Top of Information provided
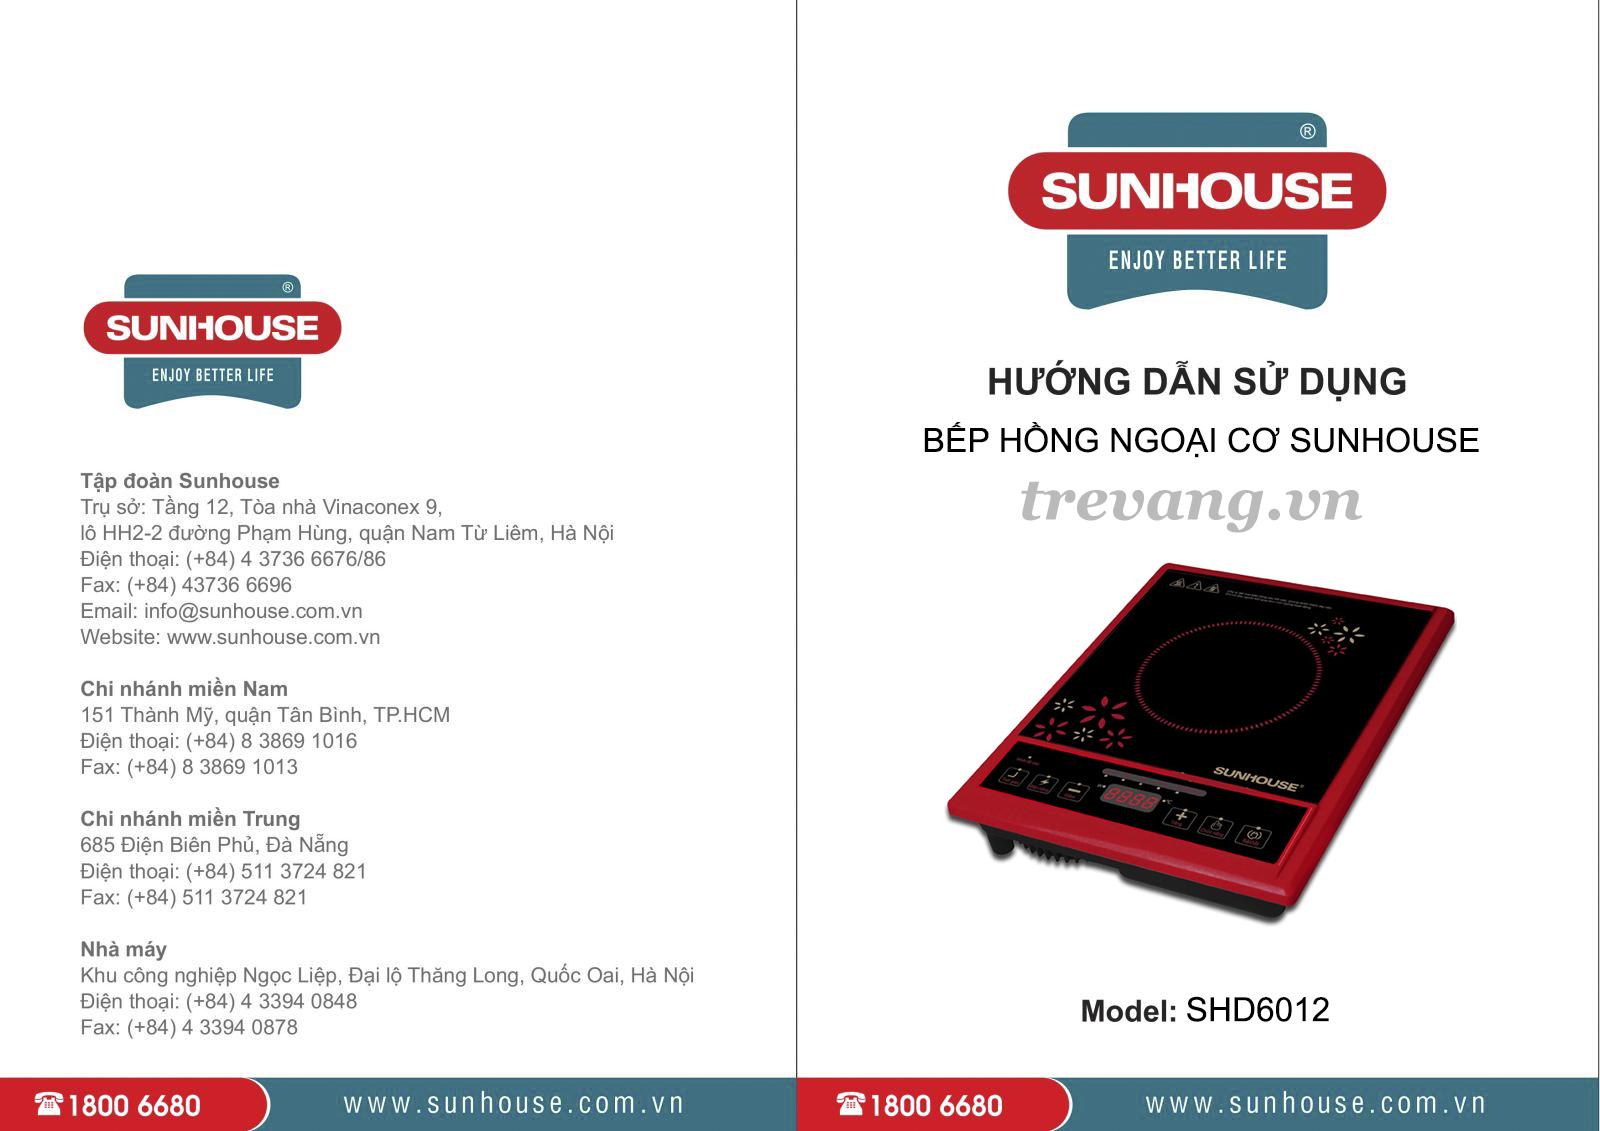 Bếp hồng ngoại cơ Sunhouse SHD6012 sách hướng dẫn sử dụng
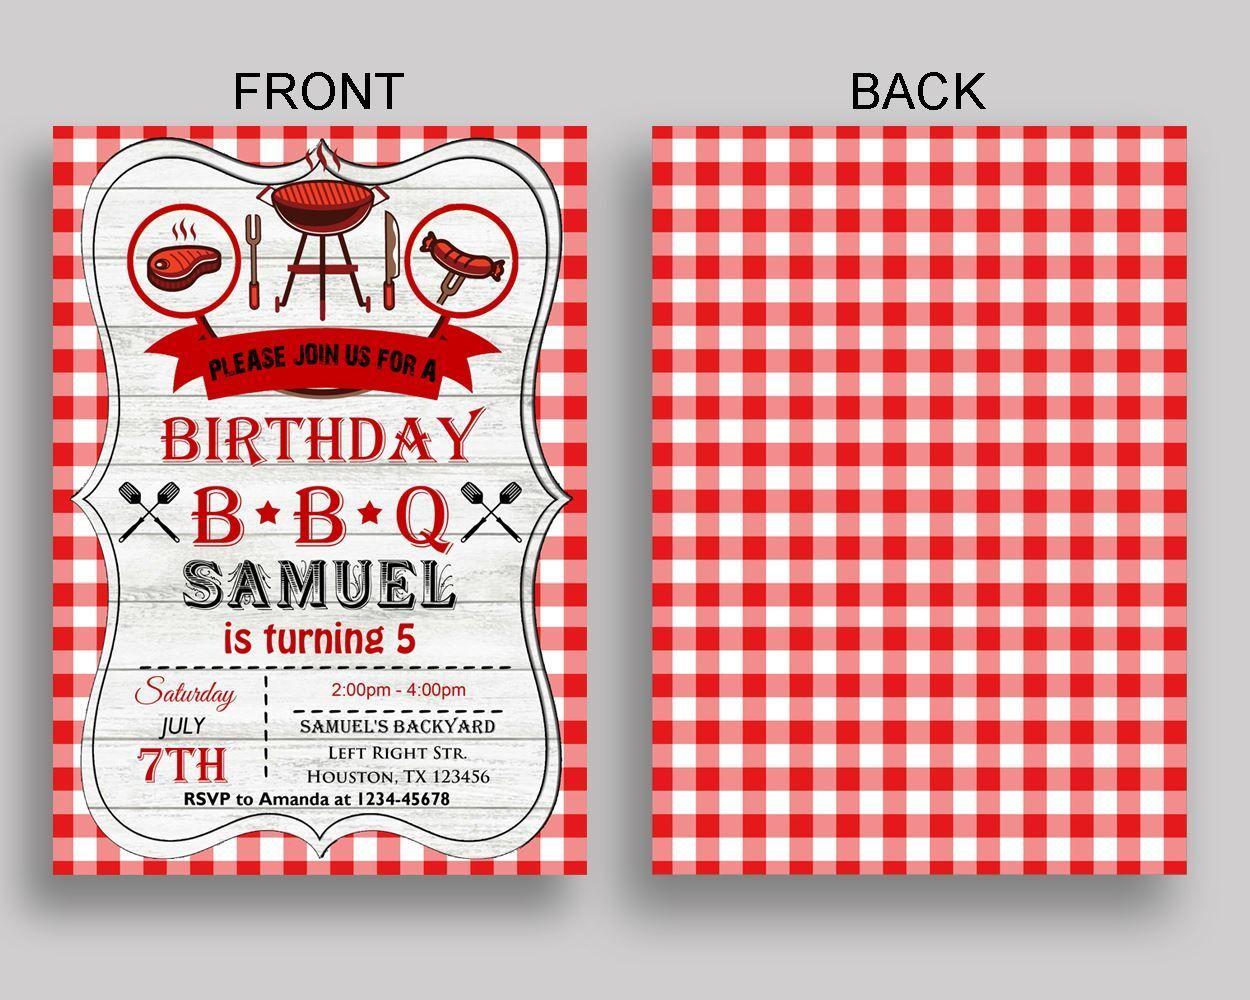 Barbecue Birthday Invitation Barbecue Birthday Party Invitation ...
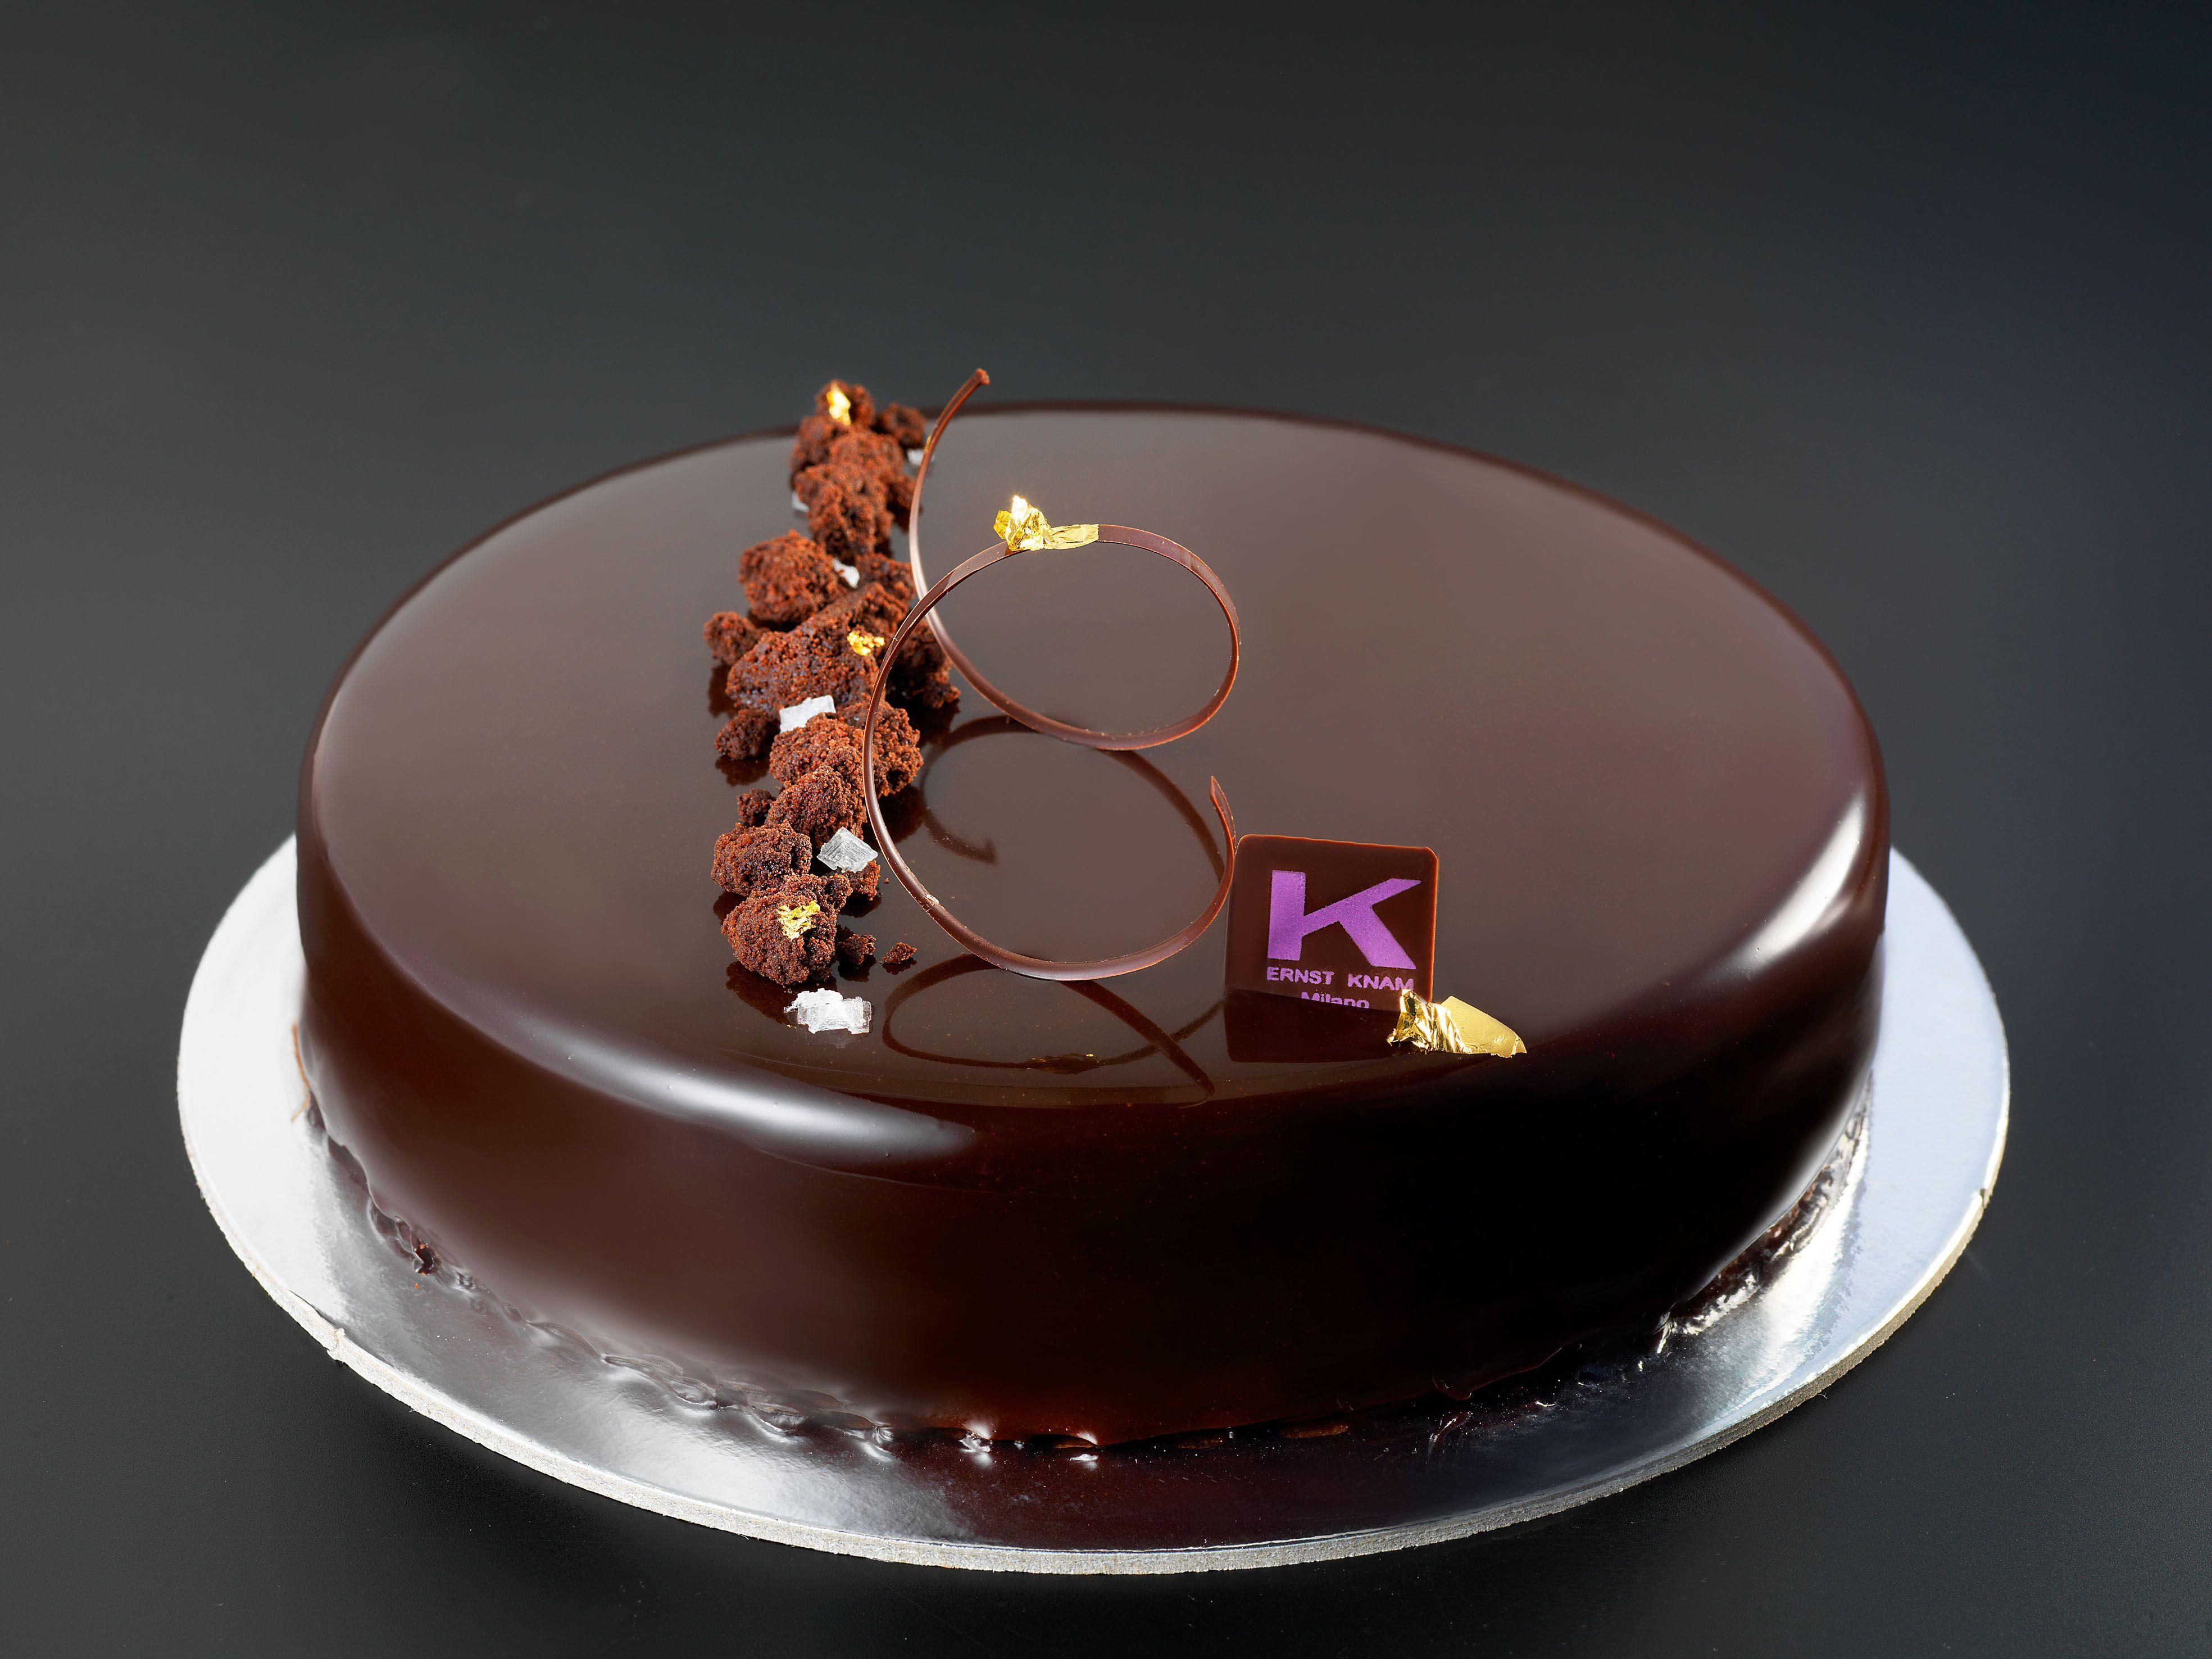 La tartufata crumble di cioccolato sao tom 70 con sale di maldon cremoso al cioccolato - Glassa a specchio knam ...
Bottom of Information provided
▸ What this task involves:
Excluding pictures, copy exactly the lines from the line containing "Barbecue Birthday Invitation" through the last line of the data, inclusive.

▸ Task answer:
 Barbecue Birthday Invitation Barbecue Birthday Party Invitation ...
 La tartufata crumble di cioccolato sao tom 70 con sale di maldon cremoso al cioccolato - Glassa a specchio knam ...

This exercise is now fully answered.